Me dediqué a continuar con mi terrorismo cibernético. Comentarios como "Ay el colesterol" ante un plato de comida abundante o "Qué manía con eso de mancharte el cuerpo con dibujitos", a una amiga que se acababa de hacer un tatuaje, fueron algunos de los mensajes que destaco de aquel día.

Día 6: domingo

Una simple reflexión de Quino, el creador de Mafalda, se compartió 32 veces desde mi Facebook. Podría haber hecho más, pero ese logro me parecía bastante.

Día 7: lunes

Mi muro parecía el de otra persona. No me sentía identificada con ninguna de las publicaciones, pero había resultado divertido. Mis amigos de Facebook empezaban a estar un poco hartos de mis publicaciones y eso se reflejaba en los comentarios que me regalaban, algunos hechos con mala saña al ver que había robado aquellos memes del muro de sus propias madres.
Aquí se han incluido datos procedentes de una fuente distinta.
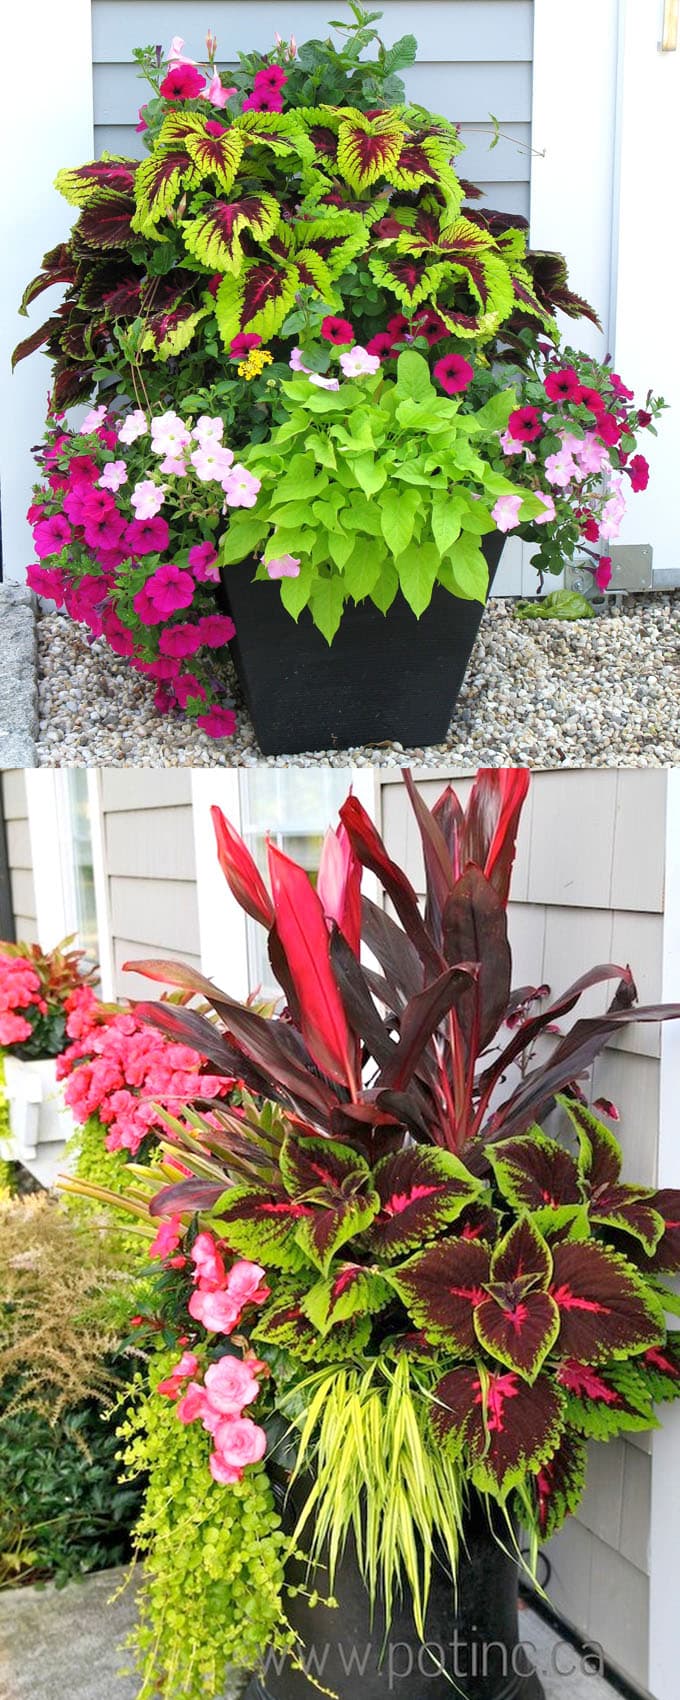 Evergreen Container Plants For Shade
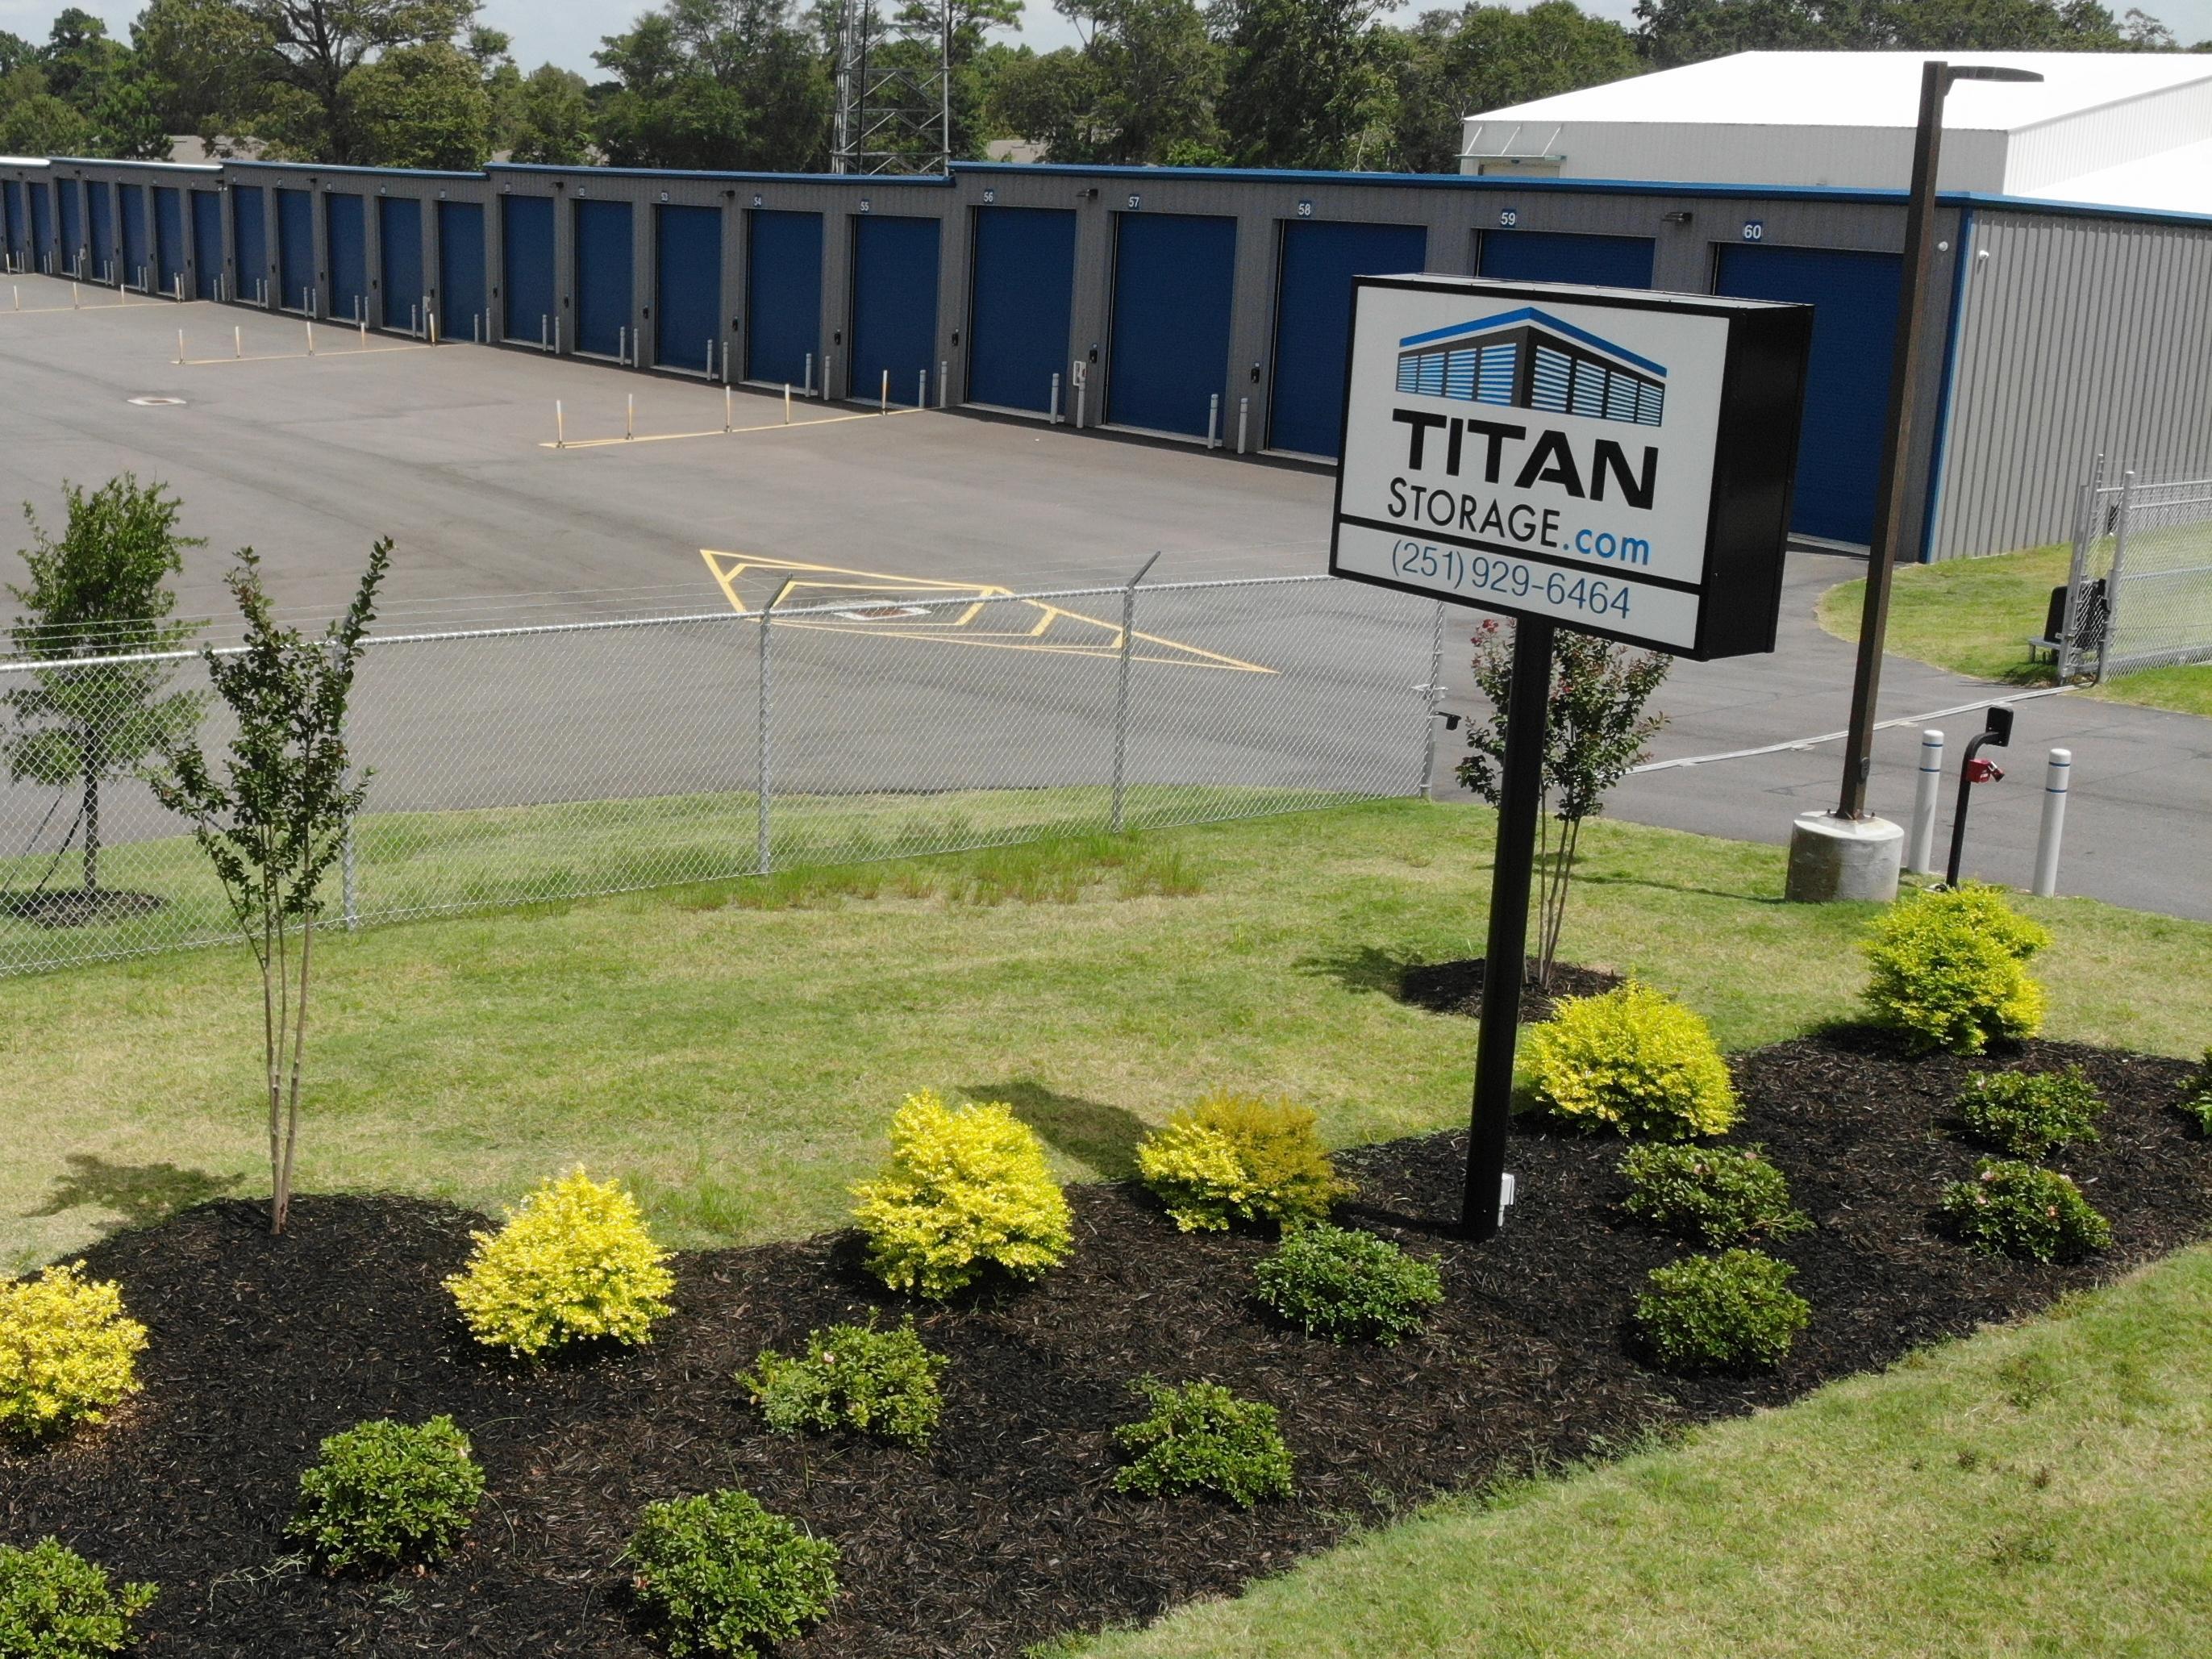 GET IN TOUCH WITH TITAN STORAGE FOR YOUR Spanish Fort, AL CLASSIC CAR STORAGE UNIT SOLUTION

Al acabar mi experimento tendría que dar explicaciones.

Final: Martes

Un mensaje de despedida como es debido: una foto antigua de mi infancia.

Después de todo esto, lo único que tengo claro es que tengo pocos amigos de verdad en Facebook, amigos de esos que cuando se percatan de que algo raro está pasando se preocupan por ti, de los que cuando empiezas a poner memes motivacionales, comentar estupideces y demás te dicen "no, así no". Me podrían haber robado la cuenta, suplantado la identidad y la mayoría de ellos hubieran preferido a la Alba premenopaúsica que a la Alba real. En fin, de todo se aprende algo.